Rearrange the above equation for $a_{\text{y}}$.

$a_{\text{y}}=\left(-\frac{T}{0.5\text{kg}}\right)+9.8{\text{m}/\text{s}}^{\text{2}}$ (3)

The net force in the $x$ direction is,

$T\cos \theta =M{a}_{\text{x}}$

Here,

$M$ is the mass of the glider.

Form part (b) substitute $u{a}_{\text{y}}$ for $a_{\text{x}}$ in the above equation.

$\begin{array}{c}T\cos \theta =Mu{a}_{\text{y}}\\ T=\frac{Mu{a}_{\text{y}}}{\cos \theta }\end{array}$

From equation (3) substitute $\left(-\frac{T}{0.5\text{kg}}\right)+9.8{\text{m}/\text{s}}^{\text{2}}$ for $a_{\text{y}}$ in the above equation,

$T=\frac{Mu}{\cos \theta }\left(\left(-\frac{T}{0.5\text{kg}}\right)+9.8{\text{m}/\text{s}}^{\text{2}}\right)$

Substitute $1.00\text{kg}$ for $M$, $0.500\text{kg}$ for $m$ and $1.15\text{m}$ for $u$ in the above equation.

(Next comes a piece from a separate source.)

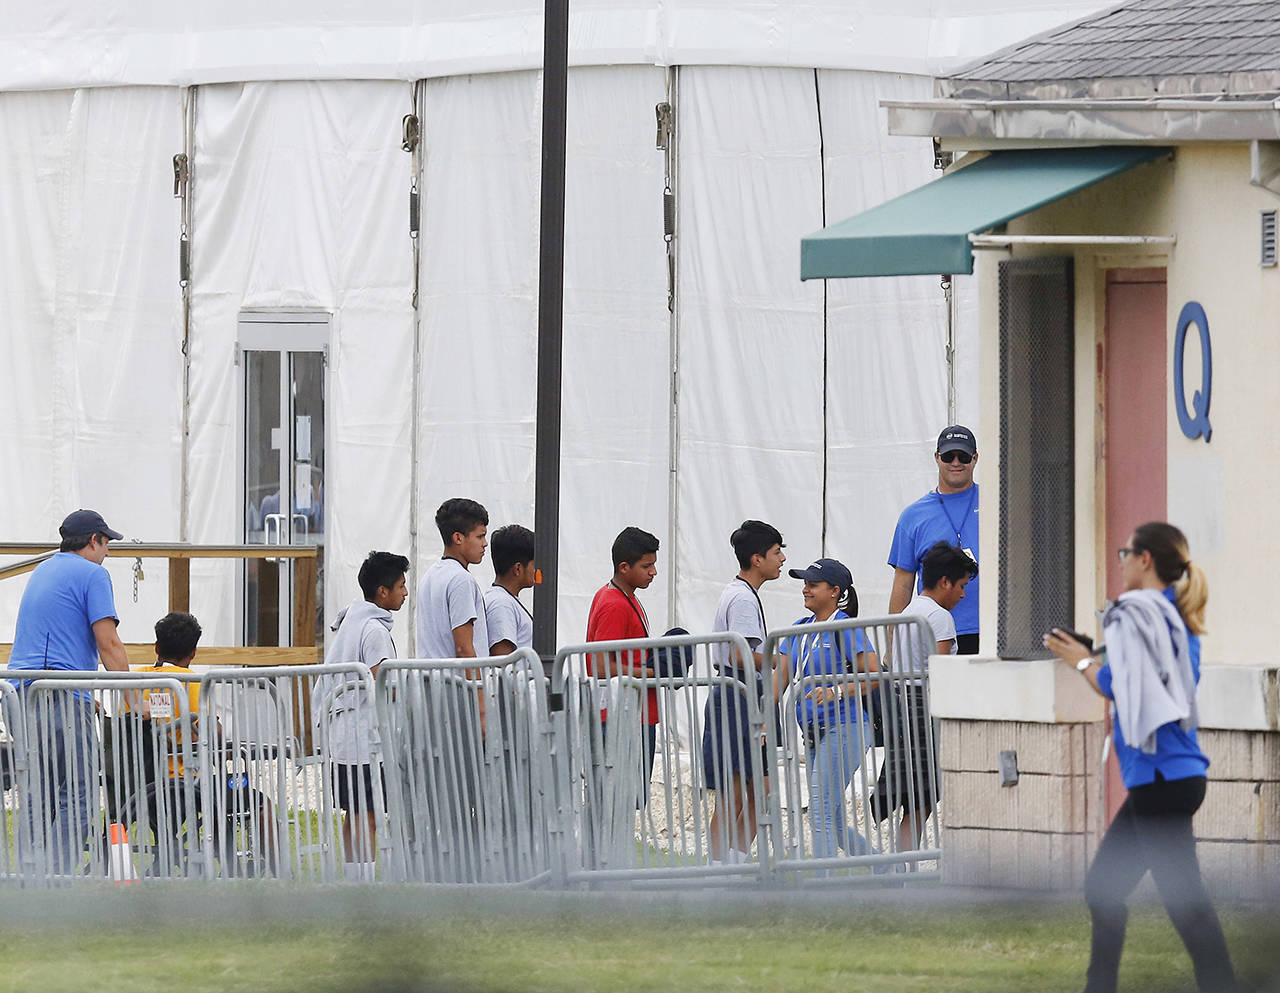 In this June 20 photo, immigrant children walk in a line outside the Homestead Temporary Shelter for Unaccompanied Children a former Job Corps site that now houses them in Homestead, Florida. (AP Photo/Brynn Anderson, File)

$\begin{array}{c}T=\frac{\left(1.00\text{kg}\right)\left(1.15\text{m}\right)}{\cos \left(30.0°\right)}\left(\left(-\frac{T}{0.5\text{kg}}\right)+9.8{\text{m}/\text{s}}^{\text{2}}\right)\\ 3.18T=11.3\text{N}\\ T=3.56\text{N}\end{array}$

Conclusion:

Therefore, the tension in the string is $3.56\text{N}$